I have to agree with ghibbsa... your actual prediction are vague,
there isn't any numerical hard predictions that we could do an
experiment and compare and refute or not...
And even if you would give any, you can always ascribe the non-
corresponding result to geography... I asked you several time
what in comp is not "geography" ? As comp entails all and every
simulations (as precise as we can imagine them to be), it
contains all numericable value for any observable... so it must
be geography... so what *hard* prediction does comp make that can
falsify it here and now ? I really mean hard prediction, not some
vague retrodiction of current theories.
Comp, and to my knowledge, only classical comp, gives a precise
criteria to distinguish physics and geography.
Physics concerns laws, that is physical rules of prediction true
for all universal machine. Geographies concern only prediction
which are contingently verified.
So what are physical facts that comp predict ? what laws ? what
can I measure in this universe that would not be *geography* but
*true for all universal machine* and be able to falsify comp ?
what is it ? what is the predicted value ? How comp predict it ?
How can I measure it and confront it to comp prediction ?
You can test the boolean tautologies, like this simple form of
Bell's inequality:
(A & B) -> (A & C) V (B & ~C)
Both QM and comp predicts that it can be violated. That means comp
predicts the existence of three observable A, B and C such that a
measurement of A, B and C gives a result violating it. That is the
measurement of A, and B gives 1, and neither A & C nor B V ~C gives
1.
The Kripke structure providing the comp counter-example (through
the modal translation of that inequality) can provide constructive
tools to build the experimental device to make the violation
experimental.
So what is the counter-example?
For that formula, its explicit description would be too long to run on
the theorem prover for Z1*, but it would be given if it was optimized.
But other quantum modalities have been tested. If the logic was
boolean, it would give NIL (the empty list), and well, it is not NIL.
Then nature, through EPR, Bell aspect illustrate those counter-
example. The comp counterexample does not say explicitly the nature of
the observable, but their existence, and indeed they defined abstract
projection operator in some linear base.
More systematically, you can test all boolean tautologies in comp,
and it has been verified, with those not being too much complex,
that they are violated by comp if and only if they are violated by
QM.
Is there a list of these somewhere?
I provide the programs generating the list.
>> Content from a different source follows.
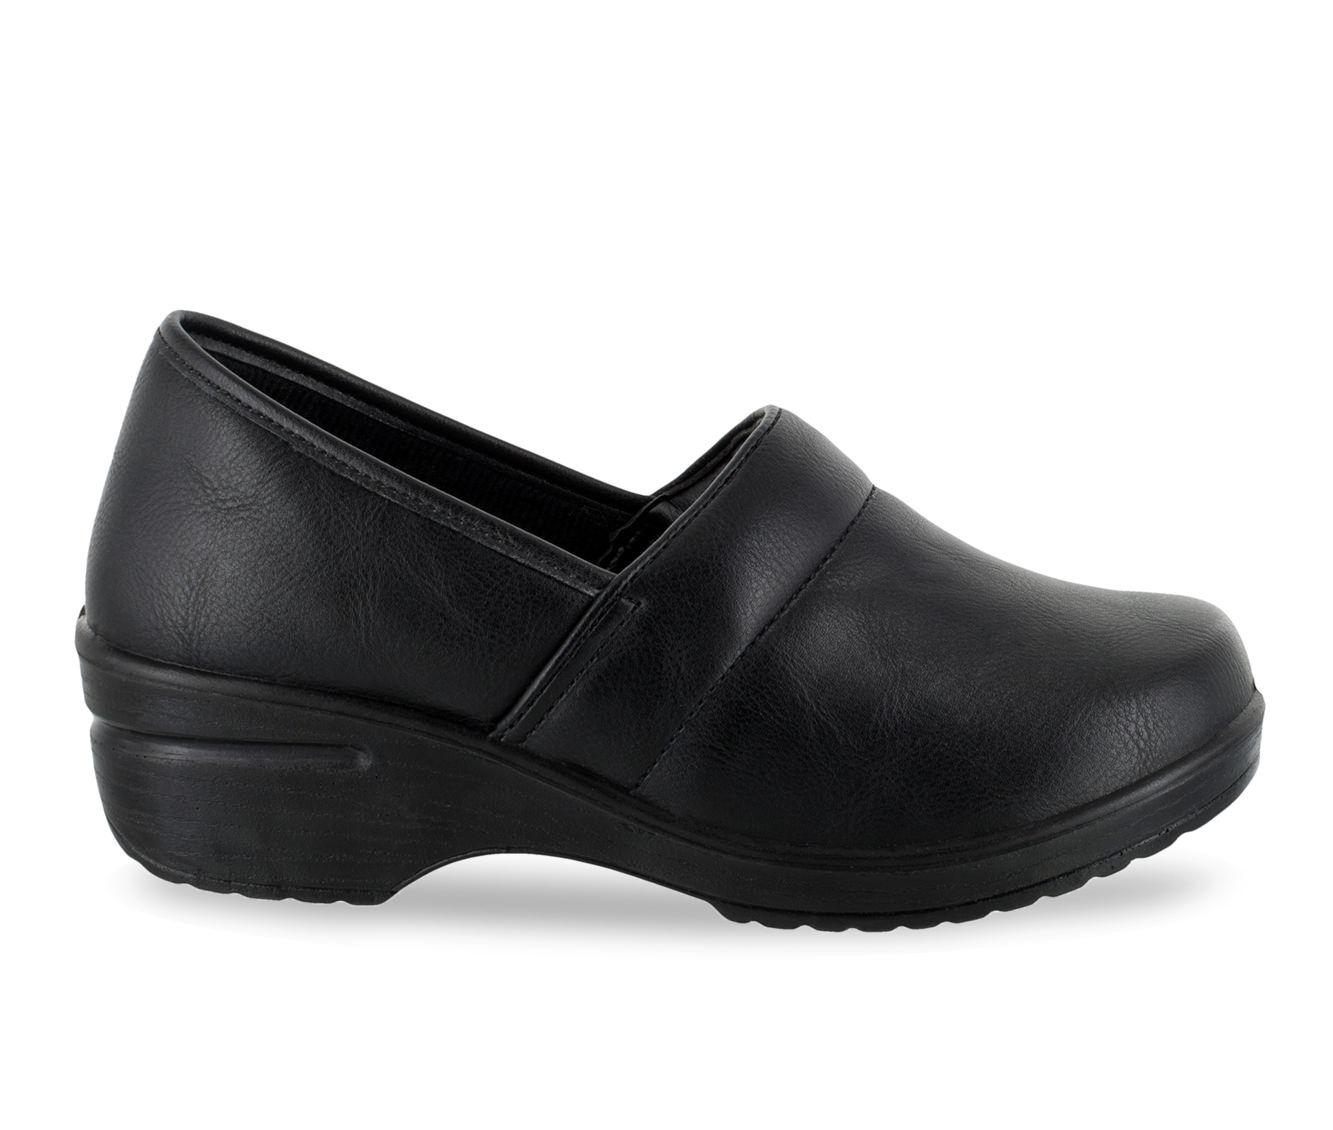 Women's Easy Works by Easy Street Lyndee Slip-Resistant Clogs Black Matte

I did no more run those
programs since a long time. But I proved them correct, and the
relation with quantum logic.
As we get not B, but B without the necessitation rule, there might be
discrpancies, and thus set of observable not being match by nature,
but up to now, no-one has find them, not that many have search for
them too, of course.
The point was just that classical comp is testable. If you grasp well
UDA, the physics must be determined by the logic of measure one, and I
give it.
I am just opening a door. No doubt that a lot of work is needed to see
better the picture, but it provides already an explanation (may be
wrong, may be not) of where the laws of physics come from, (the Gödel-
Löb quantization of the sigma_1 arithmetic), and this with an
explanation of why some part are sharable, and non sharable between
machines. To explain more I have to progress on the representation
theorems. When the simple Bell formula is translated in G (the last
step before being arithmetical), it becomes a formula a dozen of pages
long. Better to understand what happens than looking at a listing
given the counterexample.
Bruno
Brent
There are reasons to expect the measure on sigma_1 sentences to be
deducible from that comp quantum logic, although this is without
doubt quite difficult to do, but in principle possible (and by UDA
+ classical theory of knowledge) necessary. More on this much later
in the math thread.
Best,
Bruno
Regards,
Quentin
We have no choice on this. Without incompleteness, all modalities
corresponding to the arithmetical definitions of the points of
view would collapse, and in that case, but only in that case,
physics would have been reduced to an empty set, or to a boolean
logic, and all physical facts would have been shown to be
geographical.
That case is ruled out by incompleteness. So we have a non trivial
(non empty) set of physical laws, and we have that the observable
obeys a different logic than boolean logic. Indeed the math shows
already a quantum logic.
Now we can test quantitatively if our observable verifies that
logic. Indeed the quantitative result already obtained rules out
boolean logic, and are given by quantum logic, and comp predicts
and explains exactly that.
From each Kripke model of the translation of that quantum logic in
G, which is an the output of the theorem
prover for the logics Z1* (and S4Grz1, and X1*), you can build
experimental devices refuting classical computationalism.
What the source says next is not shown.